Macchine e algoritmi

I concetti di macchina informatica, algoritmo, computazione, sono ritornati più volte nel testo che stiamo introducendo. Se i LLM stanno diventando la tecnologia che accompagnerà una diversa diffusione dei processi di automazione, la narrazione di questi stessi strumenti non ha solo il ruolo di marketing, ma struttura l’immaginazione, lo stesso spazio delle possibilità che ci troviamo davanti. Cosa intendiamo con «intelligenza» nel momento in cui una tecnologia pensata come intelligente comincia a svolgere nel quotidiano così tante task? Che effetti produrrà questa nuova immaginazione sulle resistenze ai processi di ordinamento sociale? E collegato a tutto questo c’è ovviamente il tema della creatività, senza la quale non ci sembra possibile pensare nemmeno la politicità: bisogna approfondire in che modo la morfogenesi creativa si associa alla forma umana dei gesti di pensiero, alla loro strutturale incompletezza. Per questo ci sembra ancora che manchi ancora un’inchiesta sui comportamenti non macchinici e non automatizzati che si manifestano nel presente nei processi singolari e collettivi, in un momento in cui, in particolare, sembra prendere piede l’idea che le macchine possano svolgere praticamente tutte le attività umane.

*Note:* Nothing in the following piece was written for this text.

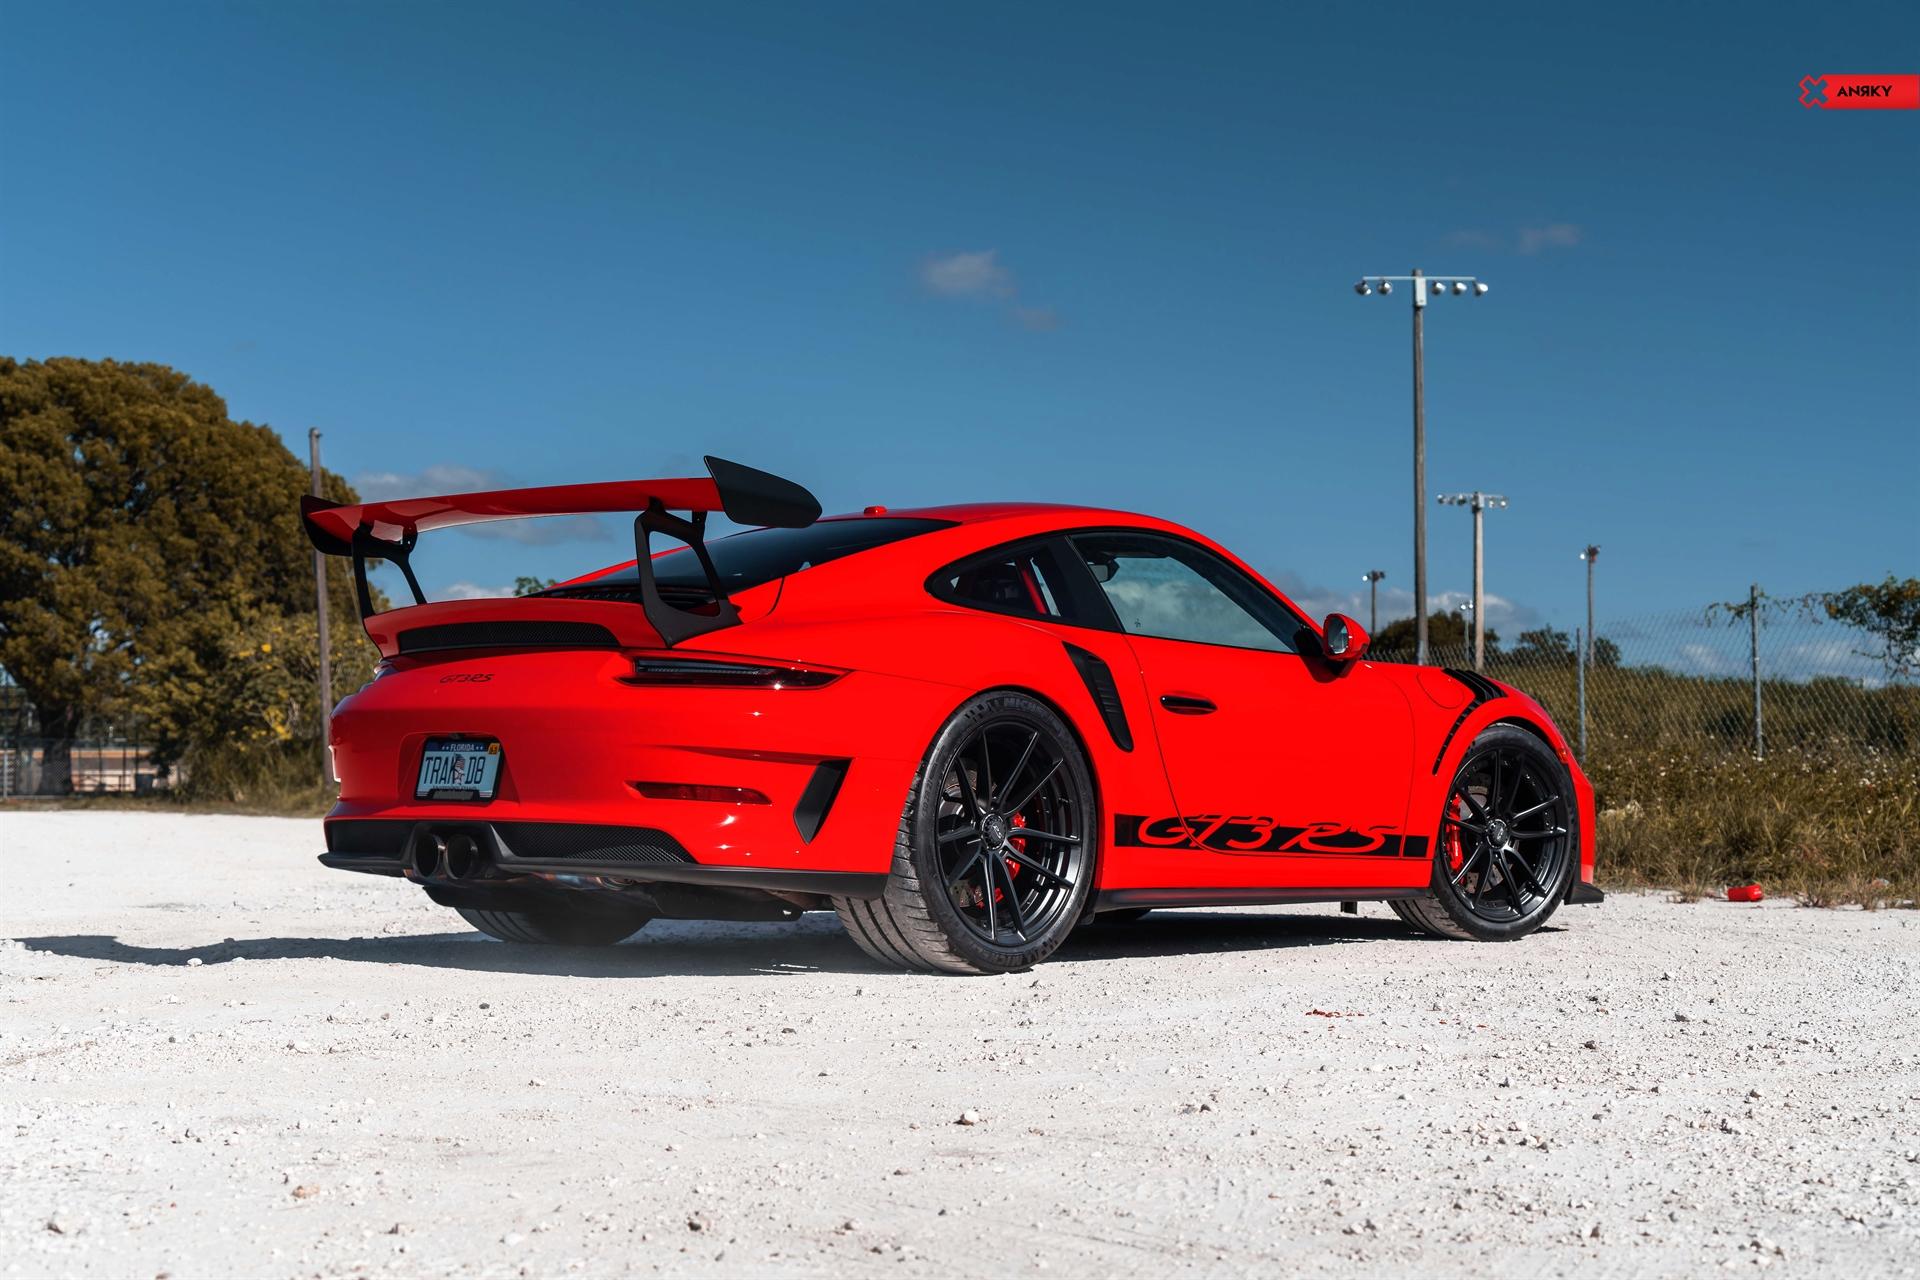 Porsche 991.2 GT3RS – AN24 SeriesTWO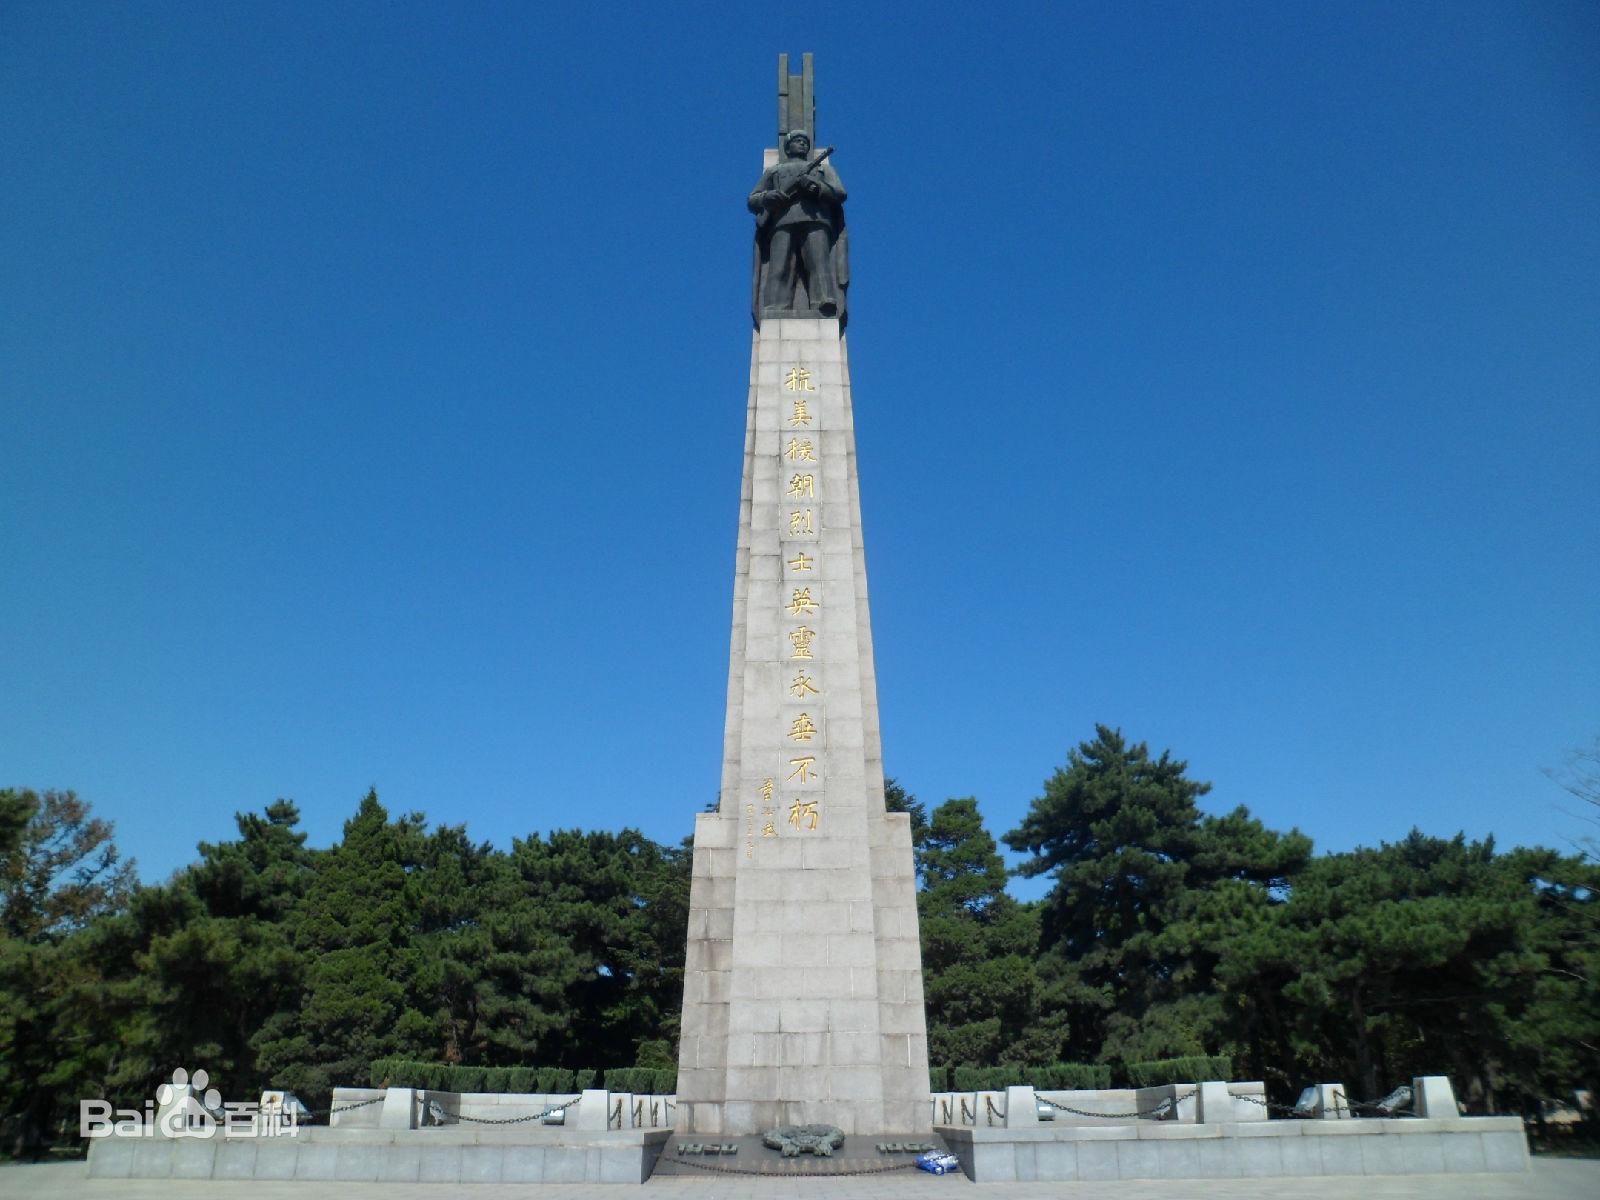 袁立在/中国的抗美援朝烈士陵园

Vediamo bene che questa ultima affermazione non corrisponde alla realtà, e però funziona come se potesse effettivamente tendere a una totalizzazione delle attività umane. Dove stanno i punti di caduta di questa contraddizione? All’interno del discorso mainstream rimane una falsa concezione dell’algoritmo, identificato sempre più spesso come «nuovo modello scientifico» per lo studio della realtà, sovrapponendo l’ipotesi scientifica con lo strumento usato per indagare la sua veridicità: in che modo quindi la diffusione di queste tecniche sta accelerando una mutazione nel rapporto tra scienze e verità? Tra autorevolezza dei tecnici e fiducia nel loro operato?


I tecnici e l’organizzazione del loro lavoro

Infine, questi nodi si collegano a un approfondimento sui tecnici e gli scienziati, la loro organizzazione, il funzionamento effettivo degli spazi accademici e di ricerca in cui il sapere scientifico «legittimo» viene prodotto. Che tipo di conoscenza viene prodotta dalle forme di vita immanenti di questi soggetti? L’intervento di Elisabetta Donini si è soffermato sulla spinta soggettiva che anima i saperi scientifici, in particolare attraverso il prisma del genere. Ci sembra che abbia un grande rilievo un approccio che tenga conto dei soggetti che fanno scienza, delle loro visioni e delle forze che portano (o che non riescono a portare) all’interno della ricerca scientifica.

In più, la forma attraverso cui il lavoro scientifico viene organizzato deve essere sempre più messa in relazione con la forma dei saperi prodotti. Non soltanto c’è bisogno di approfondire il modo in cui il sapere è sussunto dentro logiche di accumulazione – volte al profitto, all’organizzazione militare, al controllo ecc. – qualcosa che in un gergo marxista possiamo ricondurre alla sussunzione formale; ma in più, ci sembra che la specializzazione dei tecnici «duri» sia una forma di alienazione più profonda, riconducibile alla sussunzione reale, che non viene messa davvero in discussione dai richiami alla complessità o all’interdisciplinarietà. Una possibile pista da indagare nel prossimo futuro potrà avere per traccia l’analisi delle tendenze e delle strategie che i tecnici e gli scienziati mettono in atto di fronte al sopravanzare di sempre più ristrette forme di specializzazione e frammentazione del sapere: in che modo ci si oppone o si cerca di frenare il costante aumento del carico di lavoro/formazione, o anche in che modo si cerca di tornare ad avere una presa sulle conoscenze prodotte. In modo interessante, la partecipazione di molti scienziati all’attivismo ecologista, in diverse modalità, sembra fornire una prima parziale risposta a questa domanda: la rottura conflittuale della neutralità del sapere è la prima forma di riappropriazione della conoscenza.